University of North Carolina at Chapel Hill

Department of Computer Science


Figure 1. ER1 Robot basically consists of motors, drivers, a laptop and cameras.


We present a general program framework for ER1 robot, which consists of sensing, control and motion planning module. Based on the platform, we propose a specific application—topological map building of the third floor of Sitterson Hall based on one laptop, one webcam and one ER1 robot. Different algorithms are introduced to achieve robust navigation. Although real topological map is not completed with the time provided, because of the instability of landmark recognition, but experiments on simulated data shows the feasibility of map construction. And we expect that, given the robustness of the navigation algorithm, the final goal will be achieved shortly.

1.     Introduction

The tasks that we want to achieve are collision-free navigation through an indoor environment, corridors, to be specific, where static as well as dynamic obstacle would exist. The goal also includes topological map construction of the landmarks in the environment, e.g., doors, corners, dead ends and sideways.

In 2003, Evolution RoboticsTM introduces the ER1 Personal Robot System [1], which provides the full programming and processing power of the personal computer, as well as wireless capabilities, as shown in Figure 1. Also thanks to the OpenCV library [2], we can intercept camera output to do more advanced vision algorithms for our special purpose. And that is why we propose for the final project as single-webcam-based mobile robot navigation and map reconstruction.

Due to the complication of the project combining theoretical results as well as practical expectations, this is never a final report of the project. But the good side is that given what we have achieved, the final goal is expandable and foreseeable. In Section 2, we introduce the complete system architecture and talks about controller, vision and motion planning modules respectively in section 3, 4 and 5. Section 6 discusses map construction. Experimental results and further discussions are given in Section 7. Finally, in Section 8, we summarize what have been achieved within the final project period and what is required to be done in future.

2.     System Architecture

The ER1 robot platform is really a general-purpose robotic platform. In order to make the full use of this advantage, in the framework design stage, our main concern is the expandability. In this section, we have generalized three main tasks related to sensor-based mobile robots. They are controlling interface (robot driver interface), sensing interface, and task management. The relationship between the three is depicted in Figure 2. Therefore, later on, we can concentrate on each sub-problem one at a time, without interfering with other problems. Another advantage of this design is that the whole system is driven by input sensor data. With well-defined application strategies, this closed-loop feedback system is bound to be robust. This process is also similar to the way humans perform tasks.

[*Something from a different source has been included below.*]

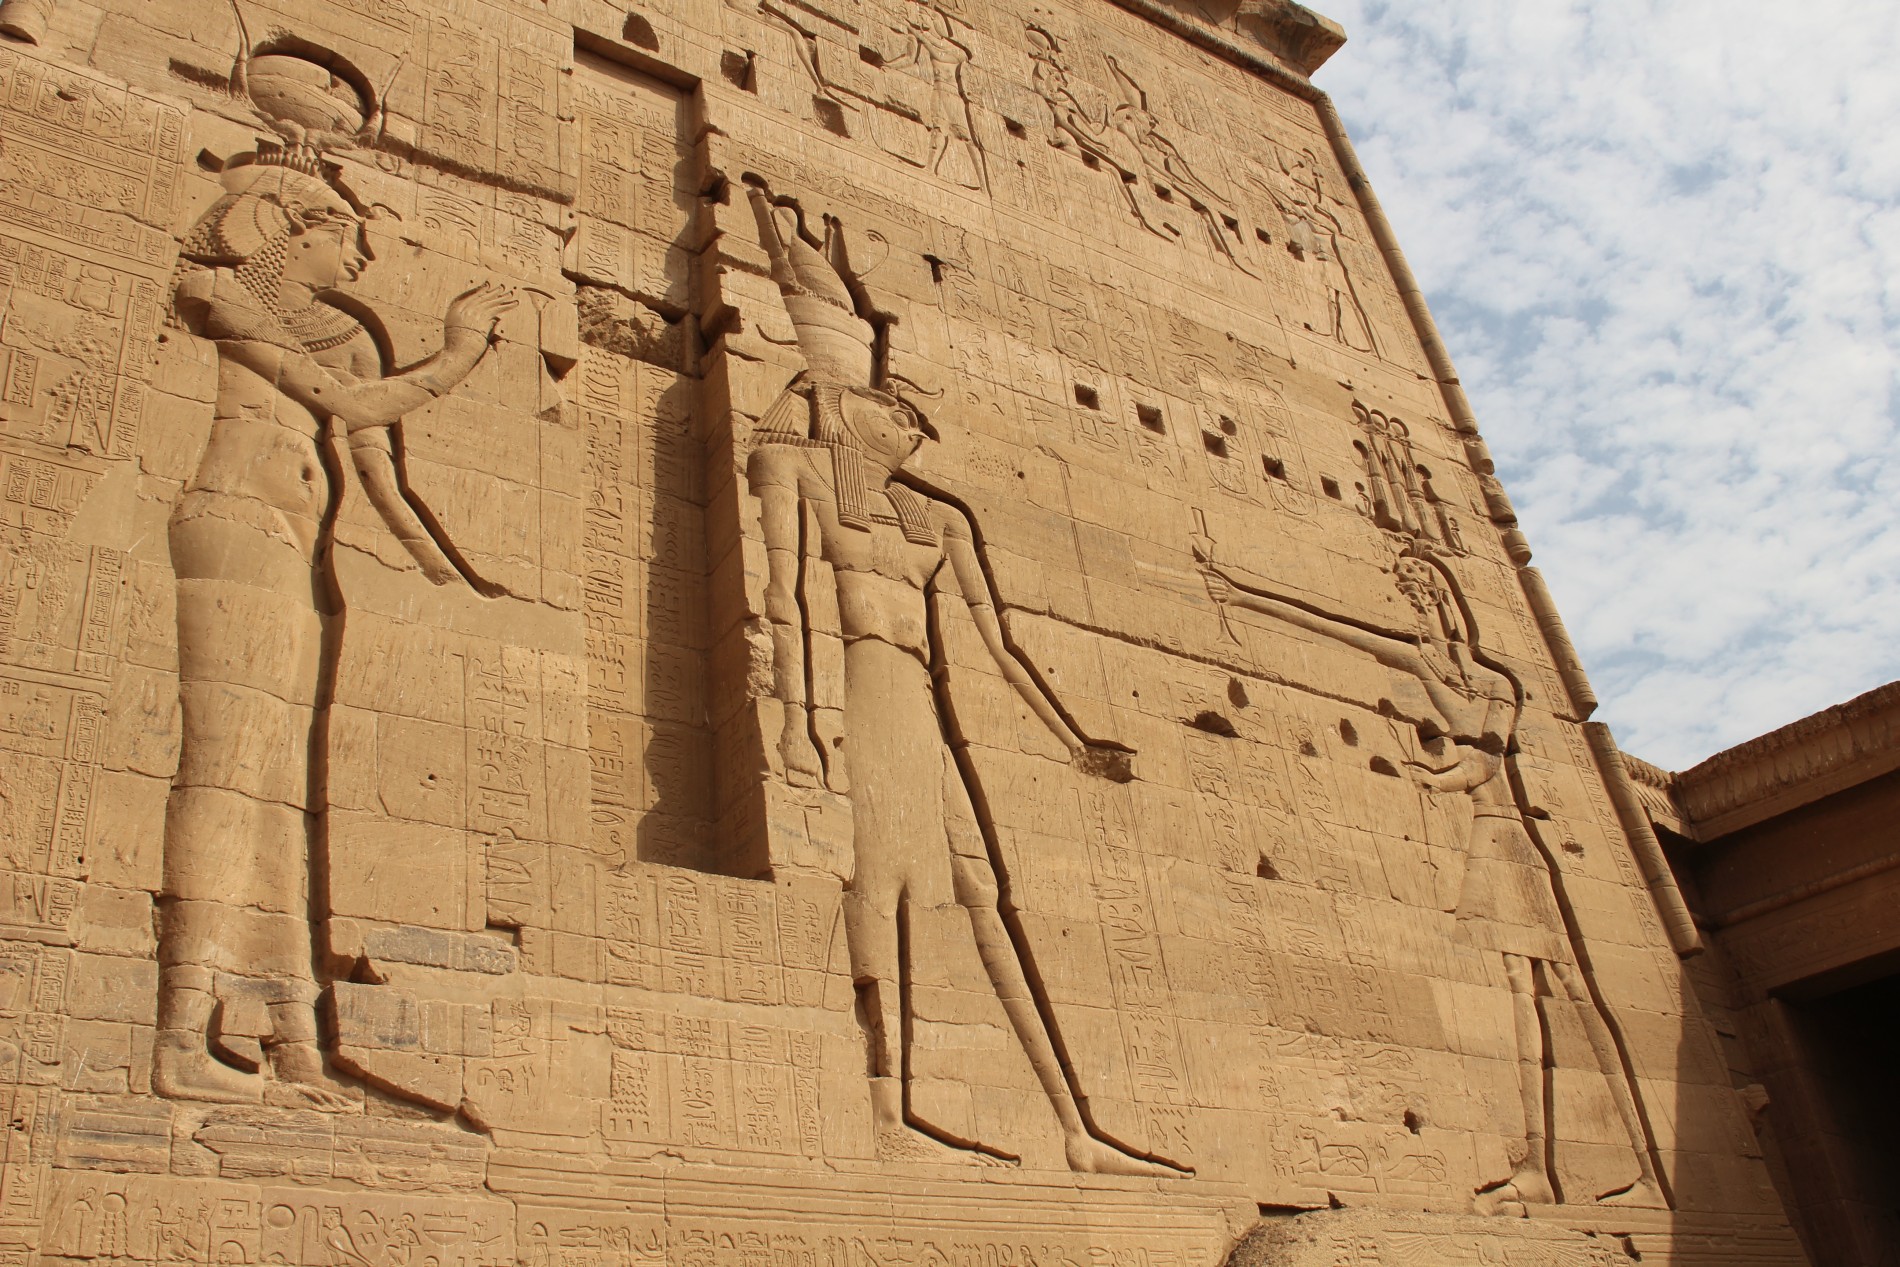 Carvings of Isis, Horus, and Osiris appear on the First Pylon of the Temple of Isis on Philae Island, Egypt.

For our single-webcam-based mobile robot navigation and map reconstruction, the three sub-problems are explained as follows.

Figure 2. Three main system modules, controller, sensor and task . It is a closed-loop data-driven system.

Controller module: ER1 provides API for users to directly control the robot. The API is accessed by opening a TCP/IP socket to RCC and sending text commands along the socket.

Sensor Module: Since the only sensor we have in this application is a webcam, the sensor module consists of mainly vision-based algorithms, information extraction.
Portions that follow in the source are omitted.